§ **Task**
Pictures stay out; everything else in the listing below is to be restated word for word.

§ **Information supplied**

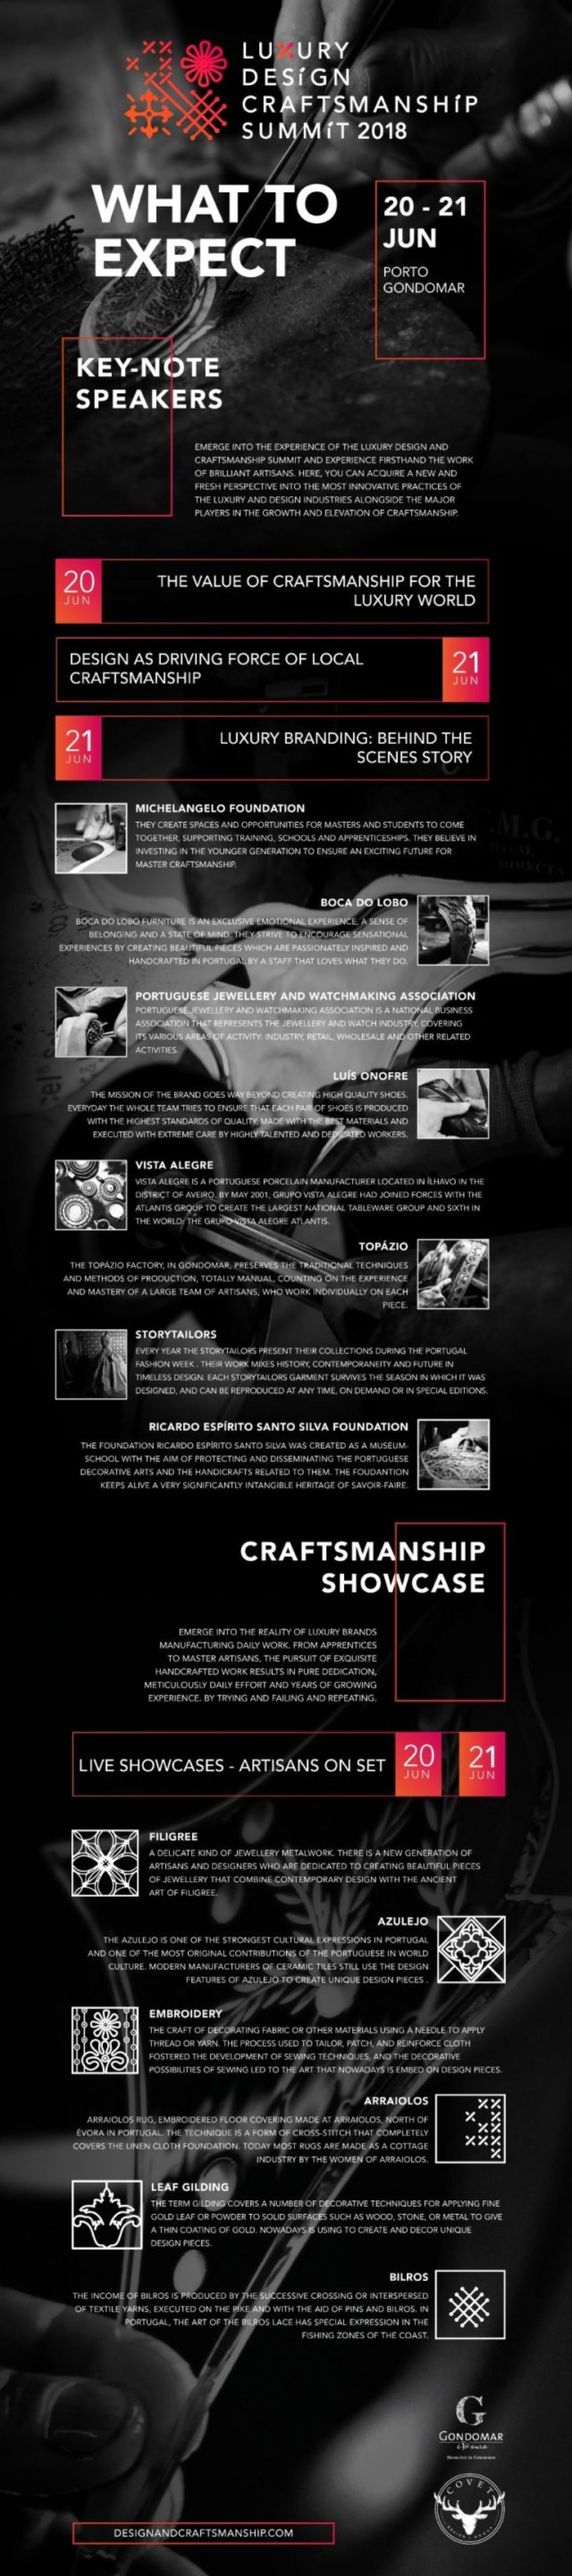 kuxury design and craftmanship summit 2018 Luxury Design And Craftsmanship Summit 2018 Luxury Design And Craftsmanship Summit 2018: Everything You Need to Know! untitled
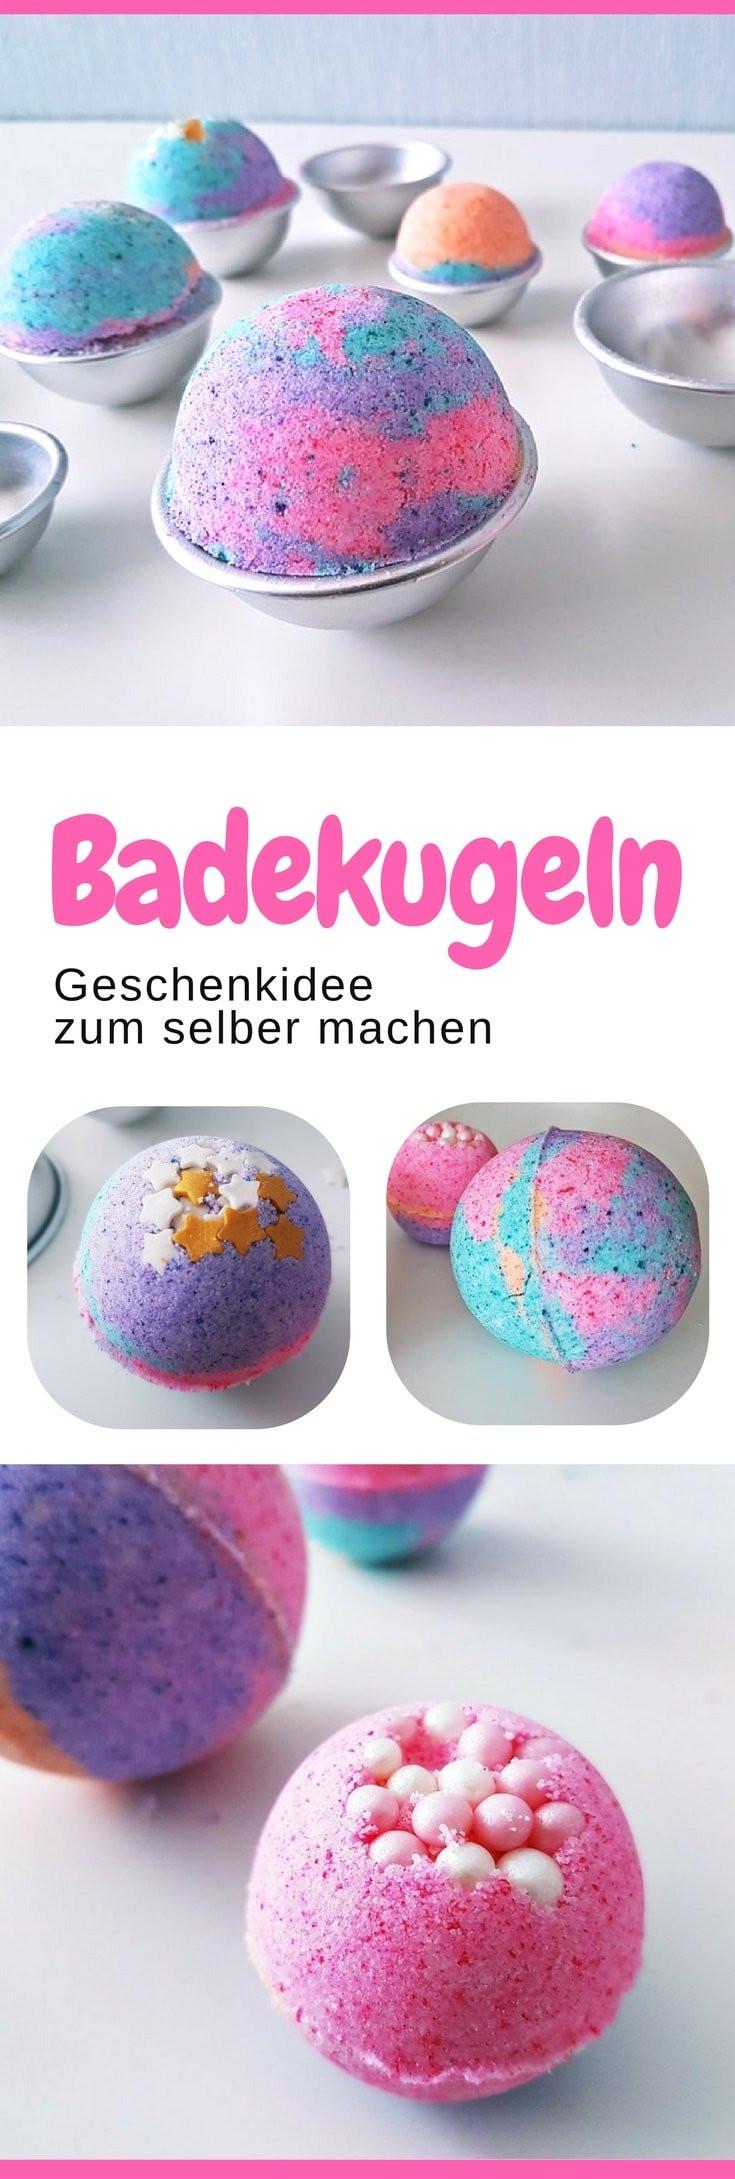 Badekugeln Diy  Anleitung Sprudelnde bunte Badekugeln für Kinder herstellen
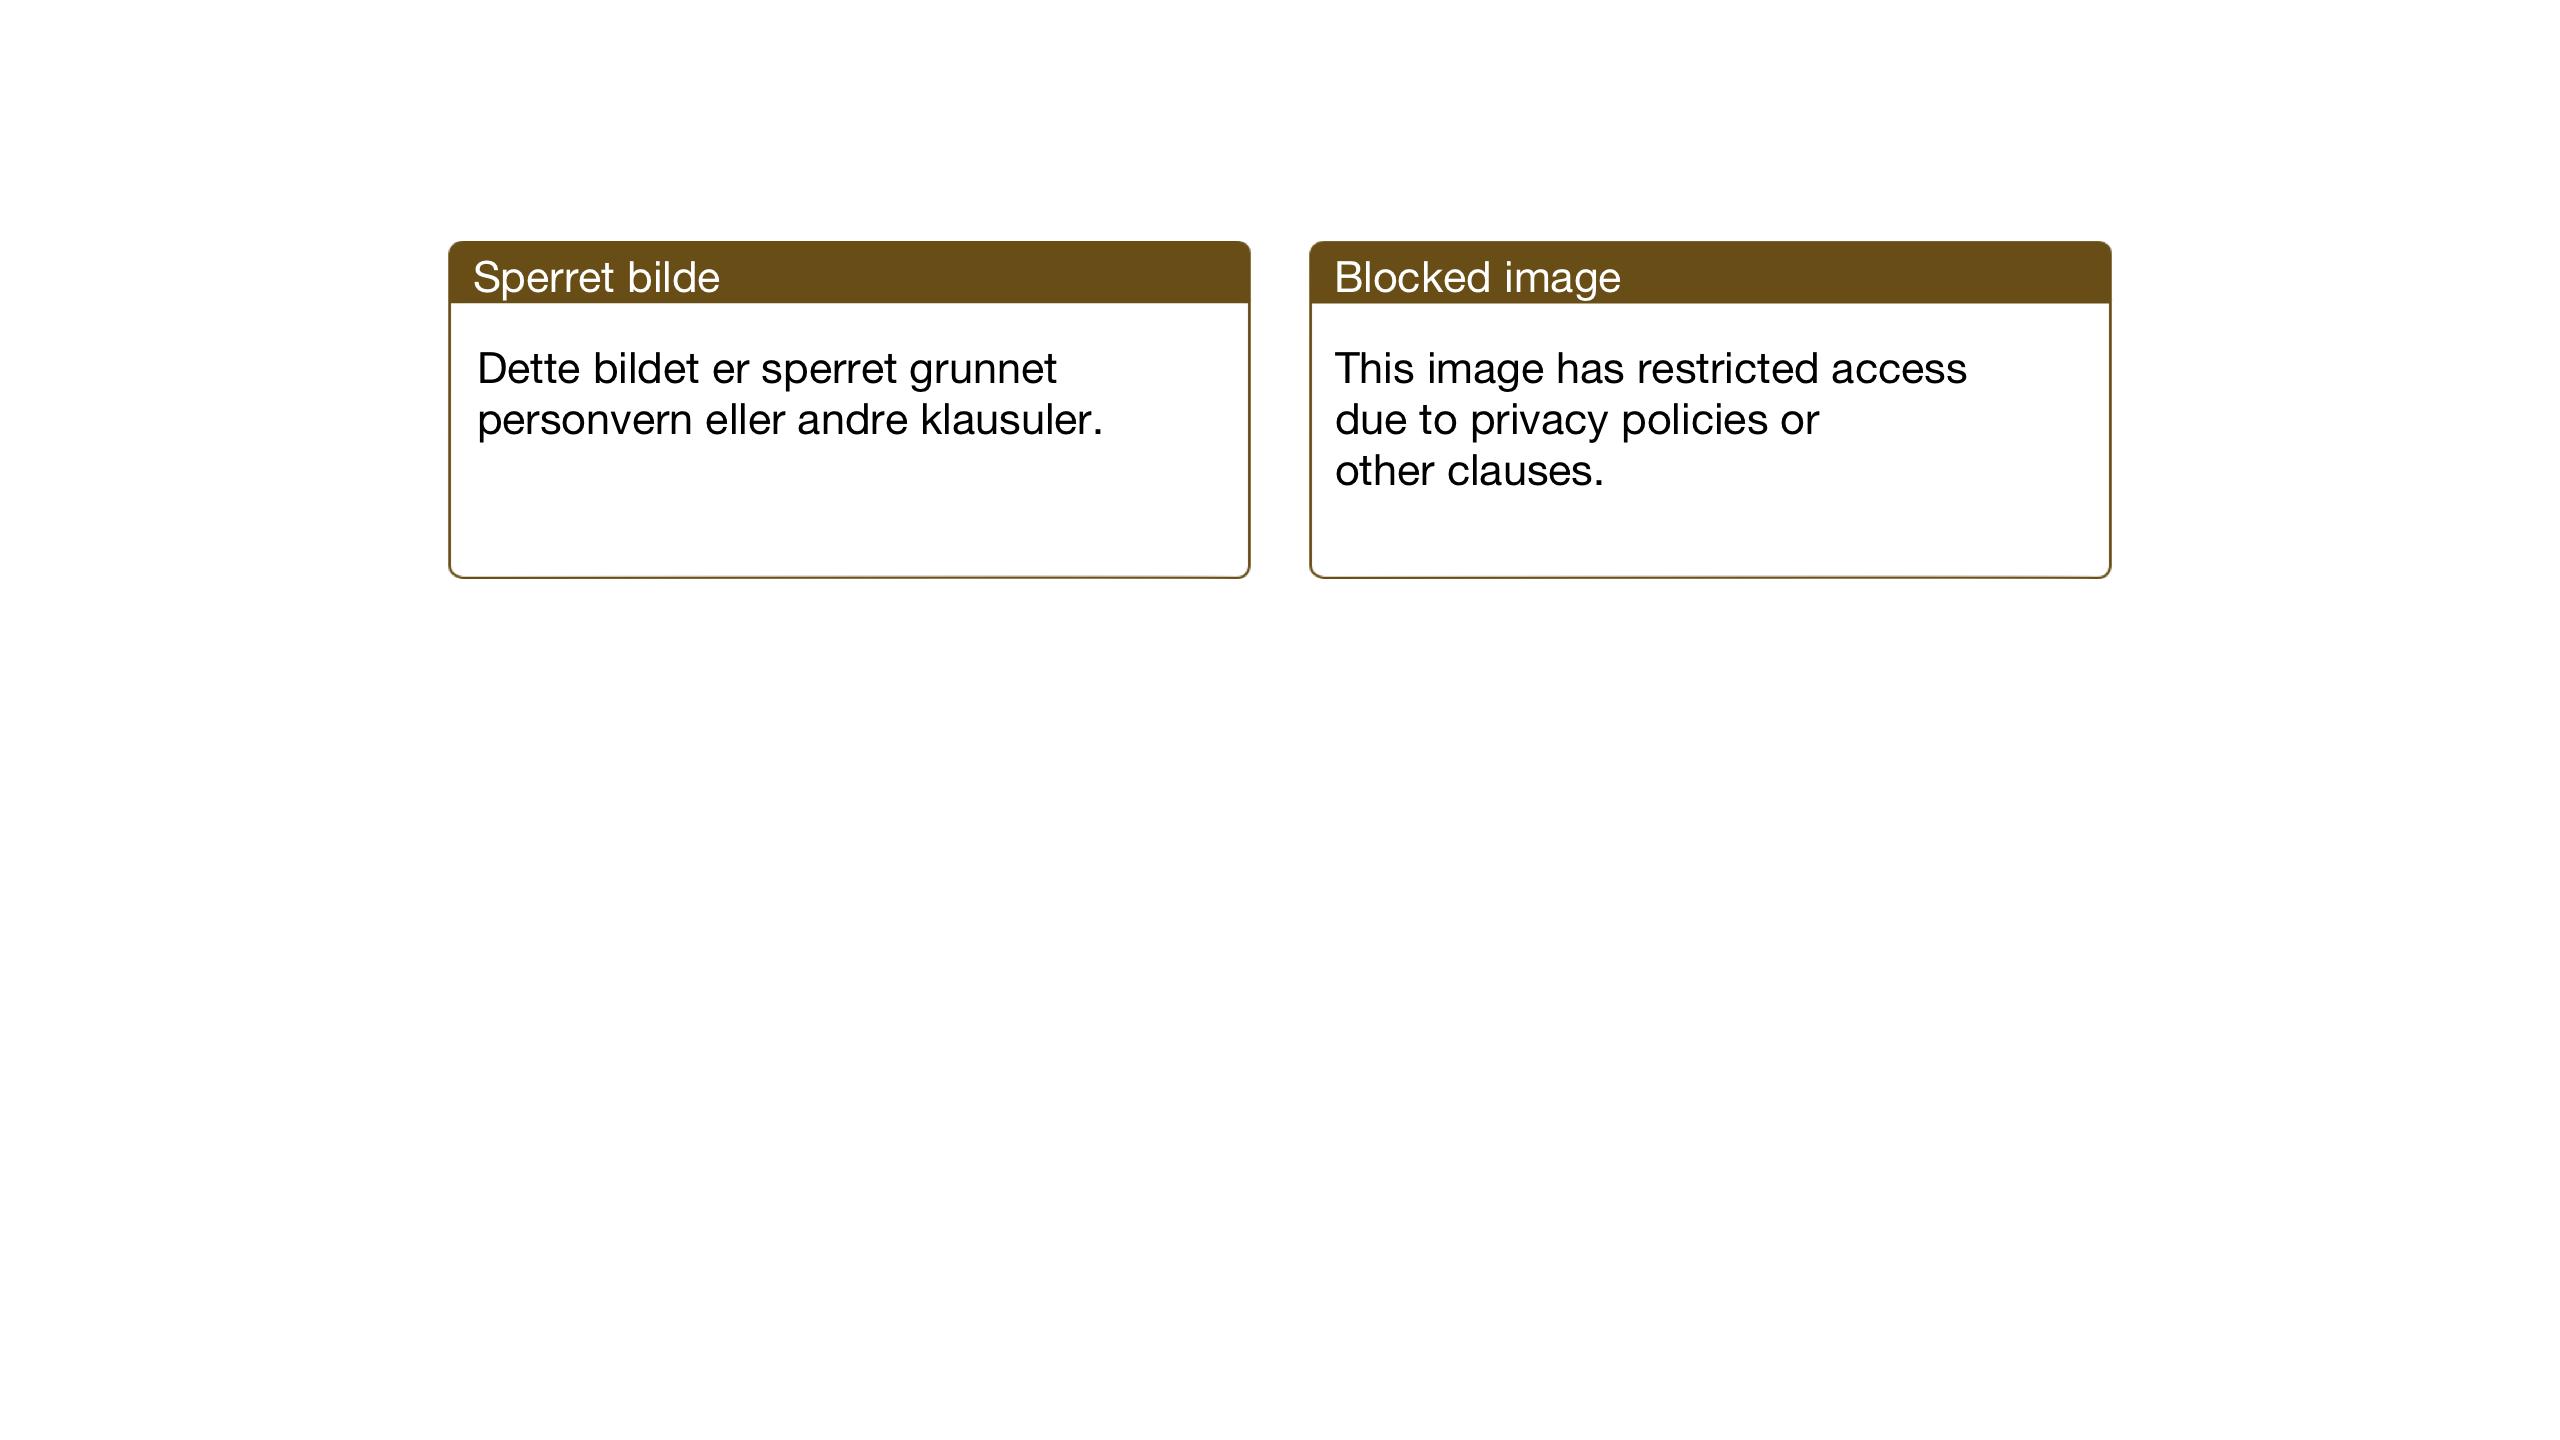 SAT, Ministerialprotokoller, klokkerbøker og fødselsregistre - Sør-Trøndelag, 602/L0148: Klokkerbok nr. 602C16, 1919-1939, s. 69

§ **Solution for this exercise**
 kuxury design and craftmanship summit 2018 Luxury Design And Craftsmanship Summit 2018 Luxury Design And Craftsmanship Summit 2018: Everything You Need to Know! untitled
 Badekugeln Diy  Anleitung Sprudelnde bunte Badekugeln für Kinder herstellen
 SAT, Ministerialprotokoller, klokkerbøker og fødselsregistre - Sør-Trøndelag, 602/L0148: Klokkerbok nr. 602C16, 1919-1939, s. 69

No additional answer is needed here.